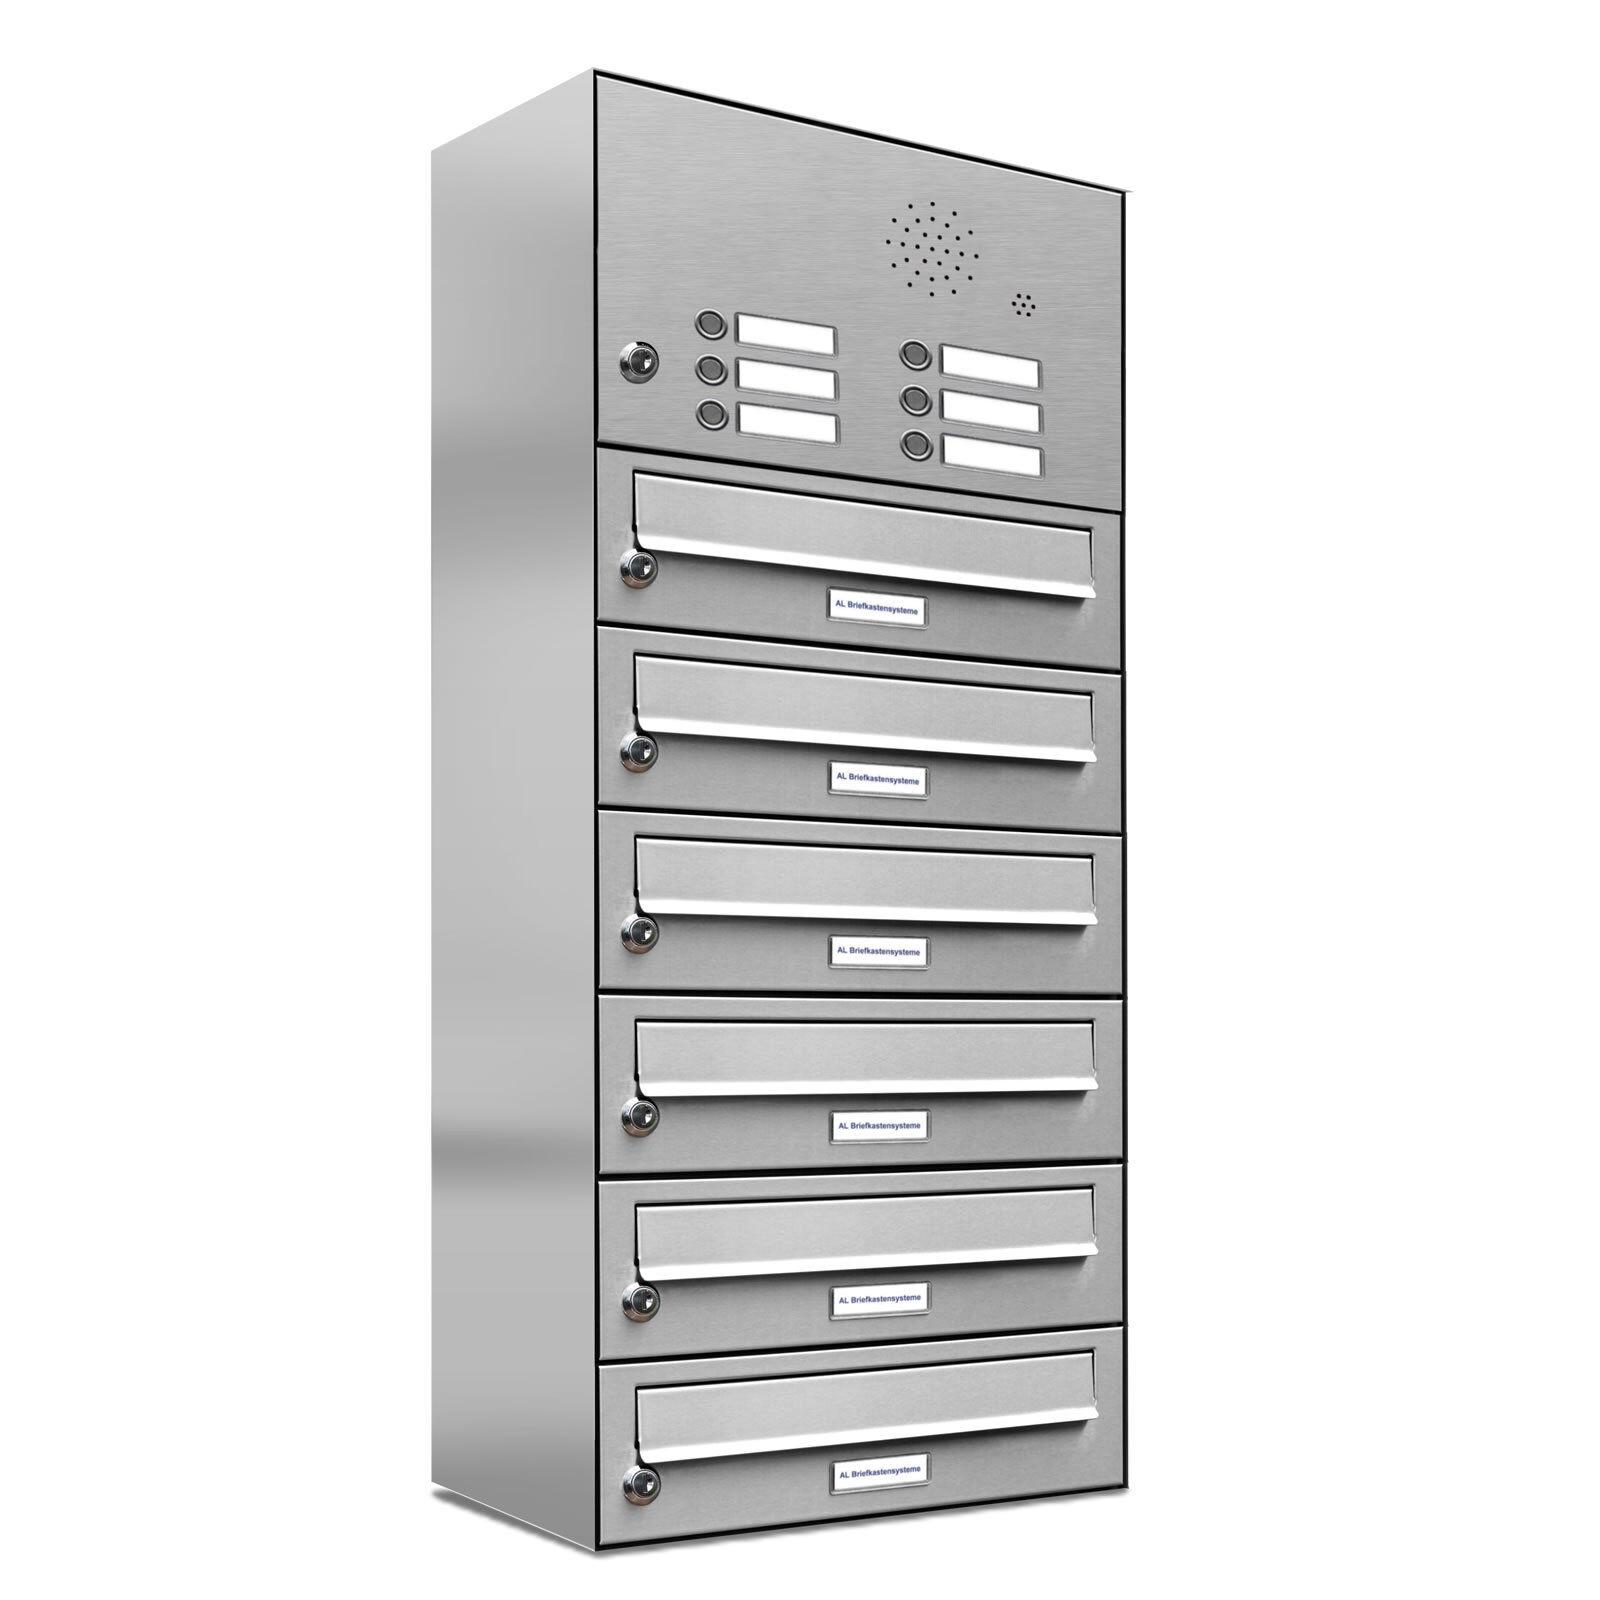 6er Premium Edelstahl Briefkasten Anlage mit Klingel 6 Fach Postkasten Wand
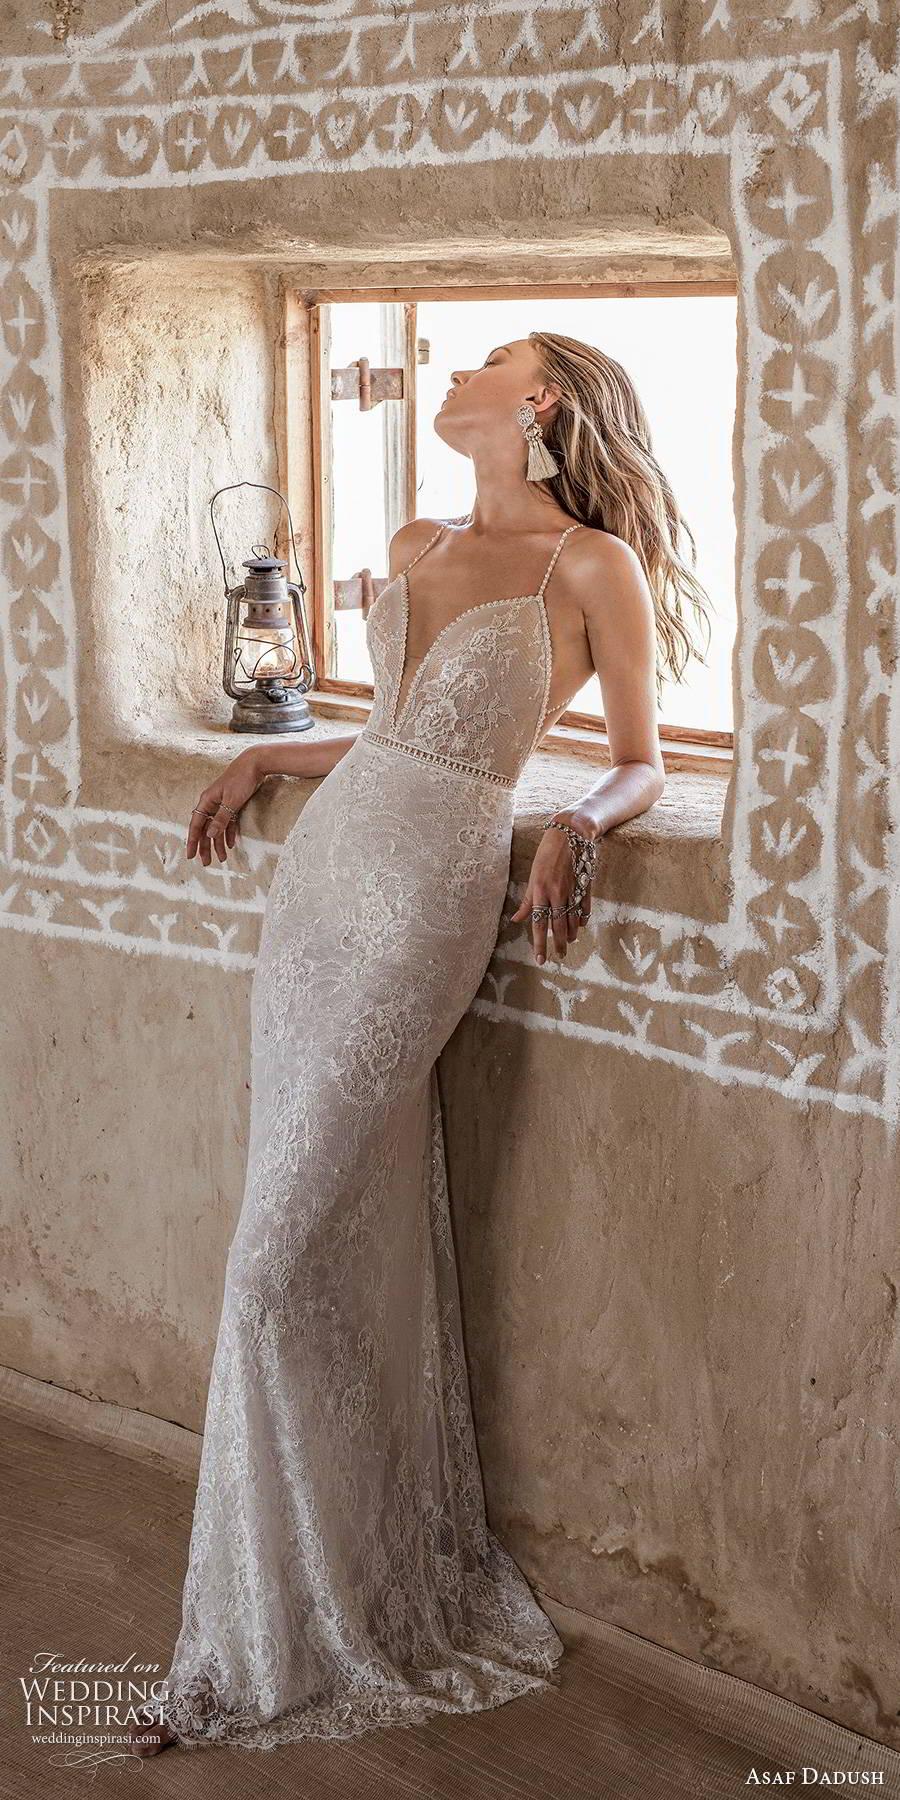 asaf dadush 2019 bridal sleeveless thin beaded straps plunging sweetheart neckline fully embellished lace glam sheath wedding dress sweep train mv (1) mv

┄┄┄┄┄┄

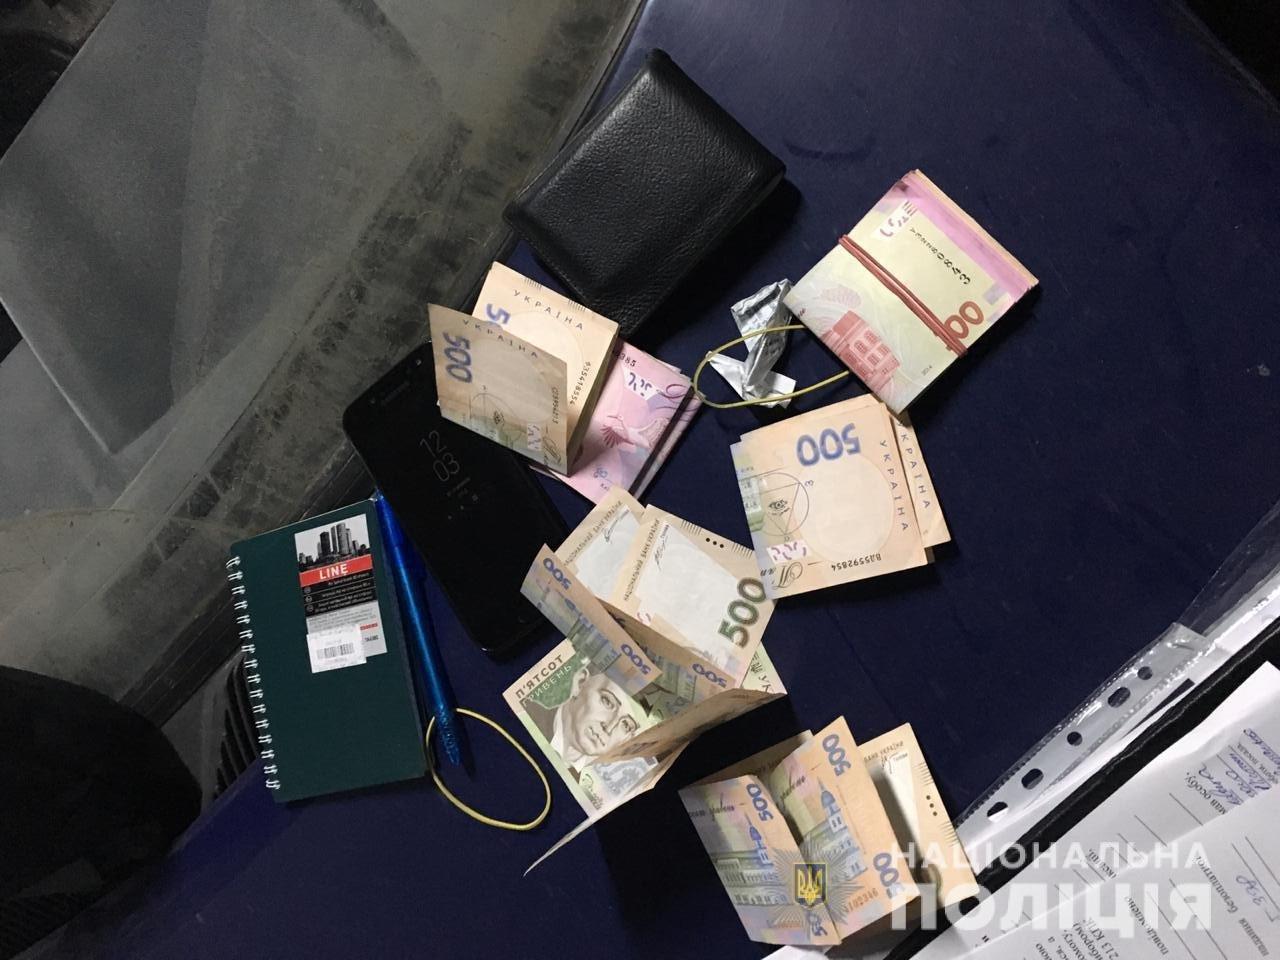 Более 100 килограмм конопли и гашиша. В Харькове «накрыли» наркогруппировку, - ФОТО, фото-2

┄┄┄┄┄┄

Required action: For this exercise, return exactly the lines above from the line with "6er Premium Edelstahl" through the line with "asaf dadush 2019", both included. Do not copy the pictures.

Result:
 6er Premium Edelstahl Briefkasten Anlage mit Klingel 6 Fach Postkasten Wand
 asaf dadush 2019 bridal sleeveless thin beaded straps plunging sweetheart neckline fully embellished lace glam sheath wedding dress sweep train mv (1) mv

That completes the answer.